Hi, I am trying to help a labmate who is using DiffBind to do a PCA analysis on some ATAC-seq data that she generated. I have experience with PCA but not with this specific software. How can we retrieve the PCA loadings/eigenvalues for each individual for each PC? I am used to using other PCA tools that allow you to retried the spreadsheet of loadings/eigenvalues in addition to plotting PC's 1-10 against each other. As far as I can tell DiffBind allows you to plot PC1, PC2, and PC3 against each other but does not provide the actual numbers, nor does it provide access to any further PC's. Any help with this would be greatly appreciated.
Wanted to do something similar and indeed was unable to find PCA loadings. However I did find that plotting dba.plotPCA(dba, DBA_ID) and dba.plotPCA(dba, DBA_TREATMENT) (so by sample ID and treatment group, respectively), I was able to see which sample corresponds to which in the treatment PCA plot. So not exact eigenvalues as you wanted, but you can at least get an idea of which samples cluster together/away from each other which is all I was trying to do at the end of the day.

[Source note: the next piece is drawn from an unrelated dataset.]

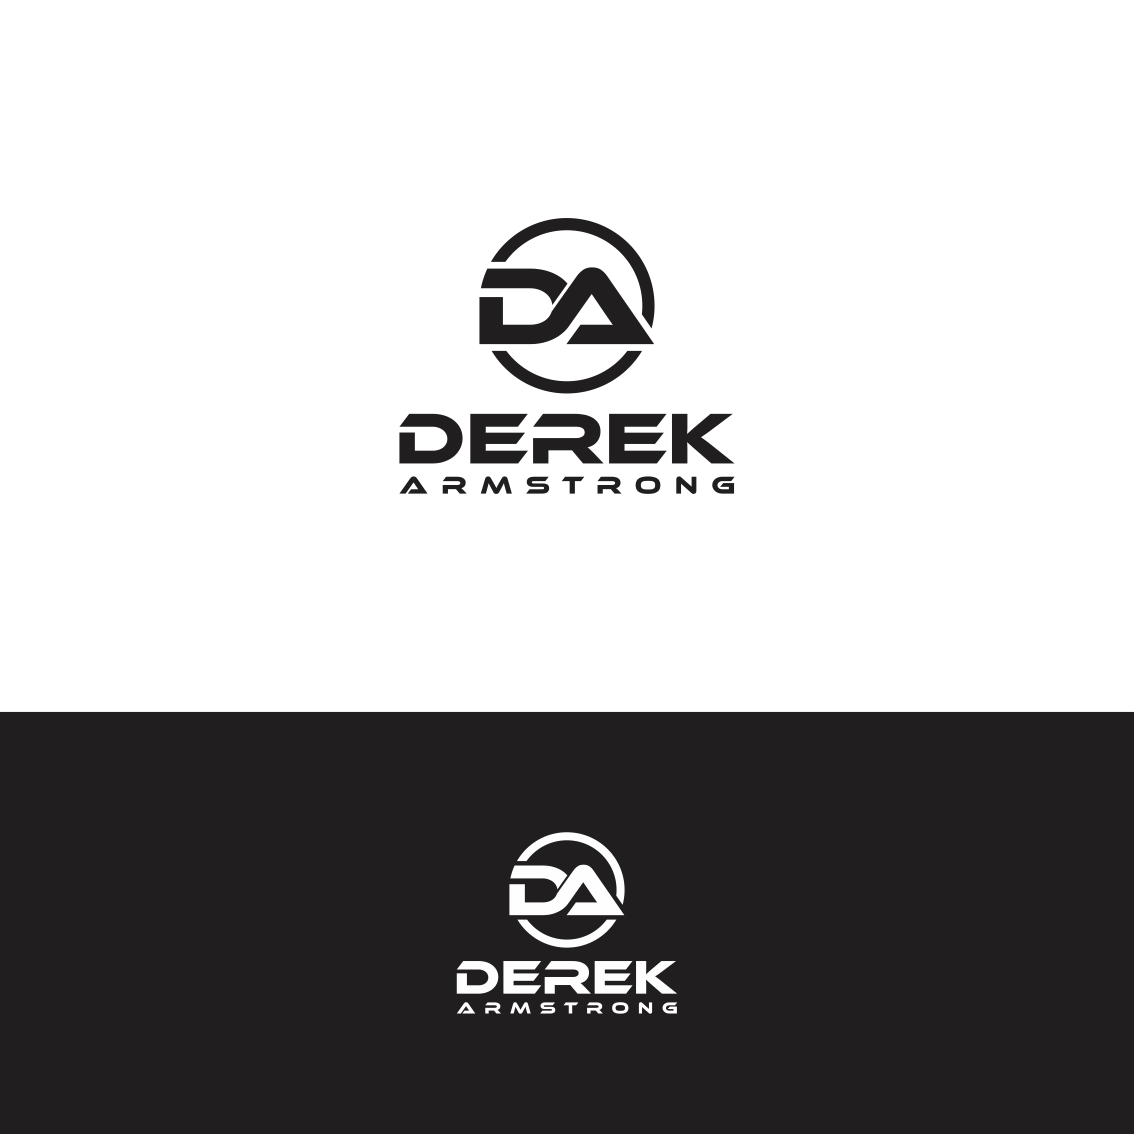 Derek Logo - DesignContest - Derek Armstrong derek-armstrong

DiffBind does allow any components to be plotted again any other components by specifying which components to plot using components= when calling dba.plotPCA() (the default is components=1:3 but this may be changed by the user).
There is no way to directly retrieve the computed PCA data. You can retrieve the underlying read count data (normalized by default) using dba.peakset() with bRetrieve=TRUE and run a PCA on that.

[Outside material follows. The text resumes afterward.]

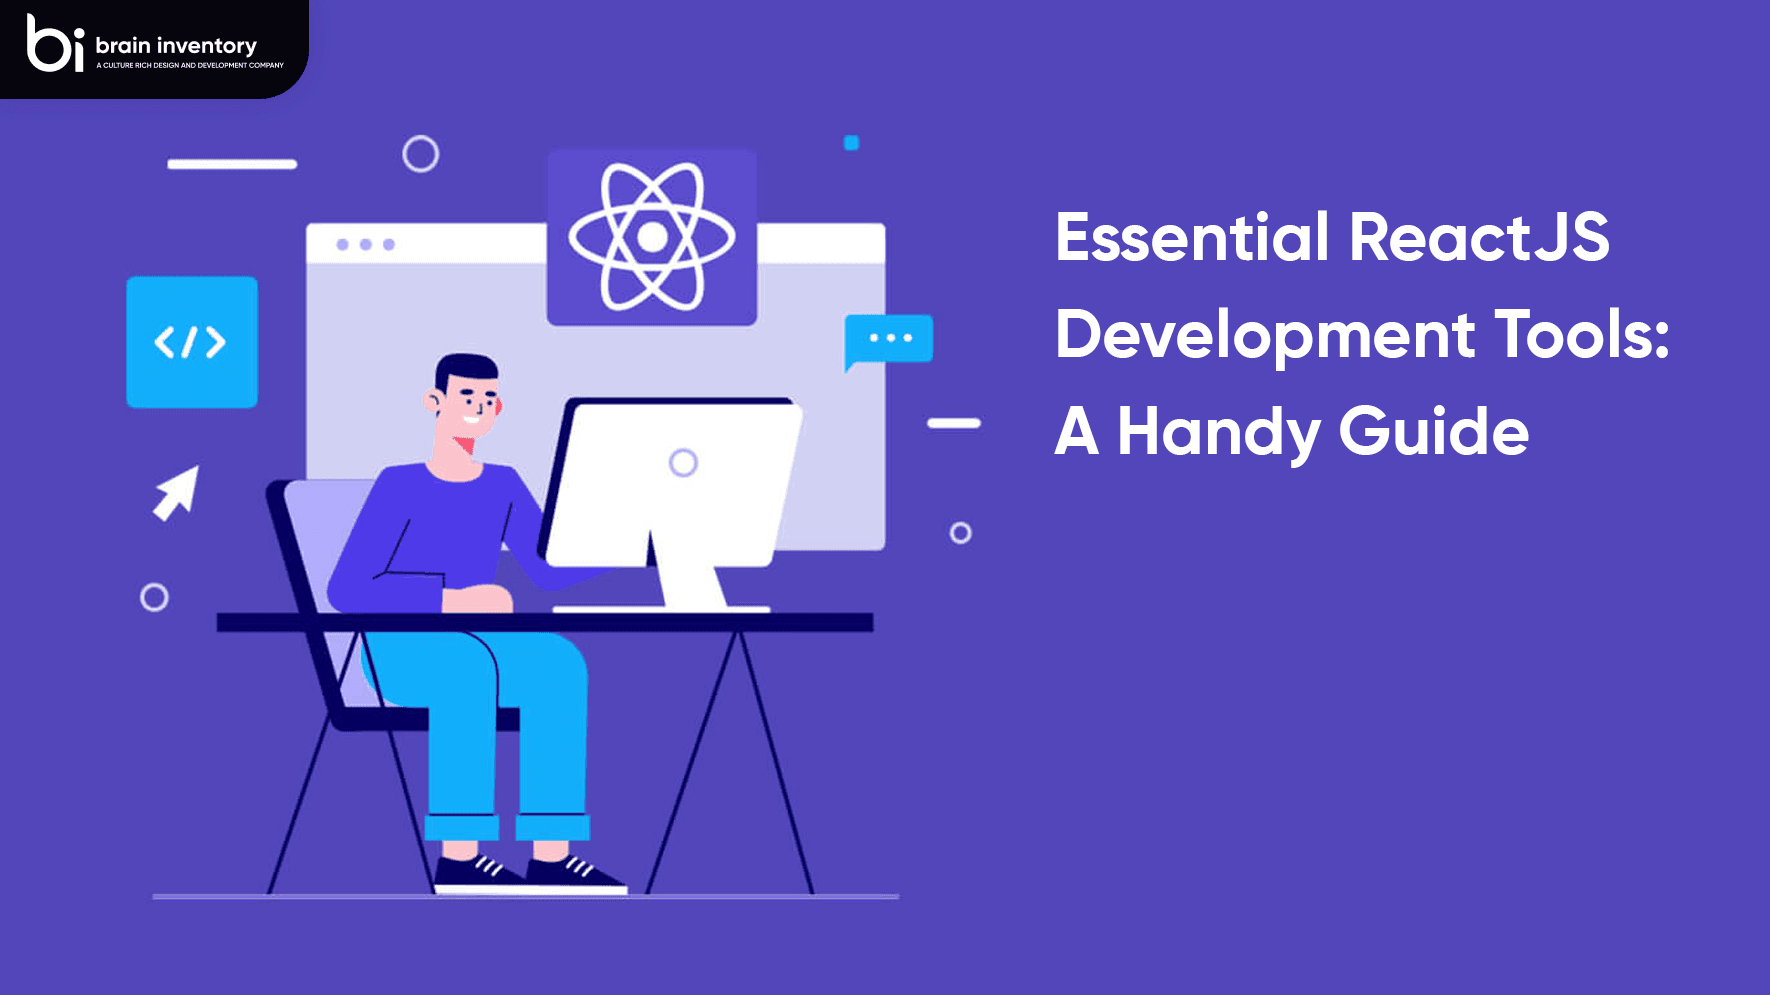 Essential ReactJS Development Tools: A Handy Guide

Thanks Rory!! In future versions of the software it might be helpful to be able to retrieve the computed PCA data, but this will work. :) Thanks for your quick response!!
Note that by default DiffBind does PCA using log2() values.
I should also mention that if you are looking to get the counts for differentially bound sites only, you can call dba.report() with bCounts=TRUE and form a matrix with the count metadata columns.
For my dataset, I have a hard time to reproduce the result from dba.plotPCA(dba), but the proportion of variance is way off ( 17% from dba.plotPCA vs 76% from the following code for PC1). I try different score but the % remain similar. Also the x and y-axis scale are different too (screenshot attached).
Also, following the instruction from an older post:
Wanted to do something similar and indeed was unable to find PCA loadings. However I did find that plotting dba.plotPCA(dba, DBA_ID) and dba.plotPCA(dba, DBA_TREATMENT) (so by sample ID and treatment group, respectively), I was able to see which sample corresponds to which in the treatment PCA plot. So not exact eigenvalues as you wanted, but you can at least get an idea of which samples cluster together/away from each other which is all I was trying to do at the end of the day.